When there is a plausible theoretical structure for an instrument, as in our study, employing (theory-based) confirmatory factor analysis is less likely to produce the ambiguities often associated with (data-driven) exploratory factor analytic techniques; thus, the former is the preferred procedure in such cases (Bollen, 1989). Consequently, two series of four-factor (SCT-guided) confirmatory factor analytic models were employed to test the factor structure of the PSPS and to examine the inter-relationships among the proposed psychosocial factors. Because the survey was constructed to measure objectives developed specifically for the Sun Protection is Fun! program and the scale items were not adapted from other sources, a cross-validation strategy was used to test the conceptual models. This minimized the possibility that the models would be data-specific and not generalizable (Hoyle and Panter, 1995). For each model, a random subsample of 200 cases was selected and tested in the cross-validation stage of the confirmatory factor analyses.
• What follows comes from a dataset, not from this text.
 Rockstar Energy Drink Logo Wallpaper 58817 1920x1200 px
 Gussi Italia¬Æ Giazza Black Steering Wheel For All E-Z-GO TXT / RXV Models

Though measures of effect size are not biased due to the presence of within-group correlations, or alternatively described, intra-school correlations, even very small intra-school correlations may have substantial impact on tests of significance when model predictors (or covariates) are constrained to vary only at the school level (Murray, 1998; Carvajal et al., 2001). For the current analysis, there are no group-level predictors or covariates because we used only survey instrument variables (that vary by individuals within schools). Thus, the impact of even potentially large intra-class correlations for health behavior studies would be negligible with respect to assessing the magnitude of associations between variables or testing for significance (Murray, 1998; Carvajal et al., 2001).
Because the instrument would be used in the evaluation of a program designed to impact several specific determinants, the initial sunscreen-use and sun-avoidance models were modified according to SCT, with efforts to maintain the four hypothesized underlying factors. However, all modifications were made with empirical justification. Items with factor loadings of less than 0.30 (Tabachnick and Fidell, 1989) or many cross-loadings, i.e. a significant Lagrange Multiplier (LM) test (Bentler, 1990), or both, were omitted. Such undesirable psychometric properties may be due to potentially ambiguous item wording or to a non-hypothesized path between an item and a factor. Correlated error terms were added between items when item associations were not explained entirely by a common factor. A significant LM test provided empirical support for allowing correlated error terms. Such incomplete explanations may be due to item wording that suggests an underlying psychosocial construct further distinguishing pairs of items from their hypothesized factor or to wording suggestive of a more specific construct than that represented by the factor.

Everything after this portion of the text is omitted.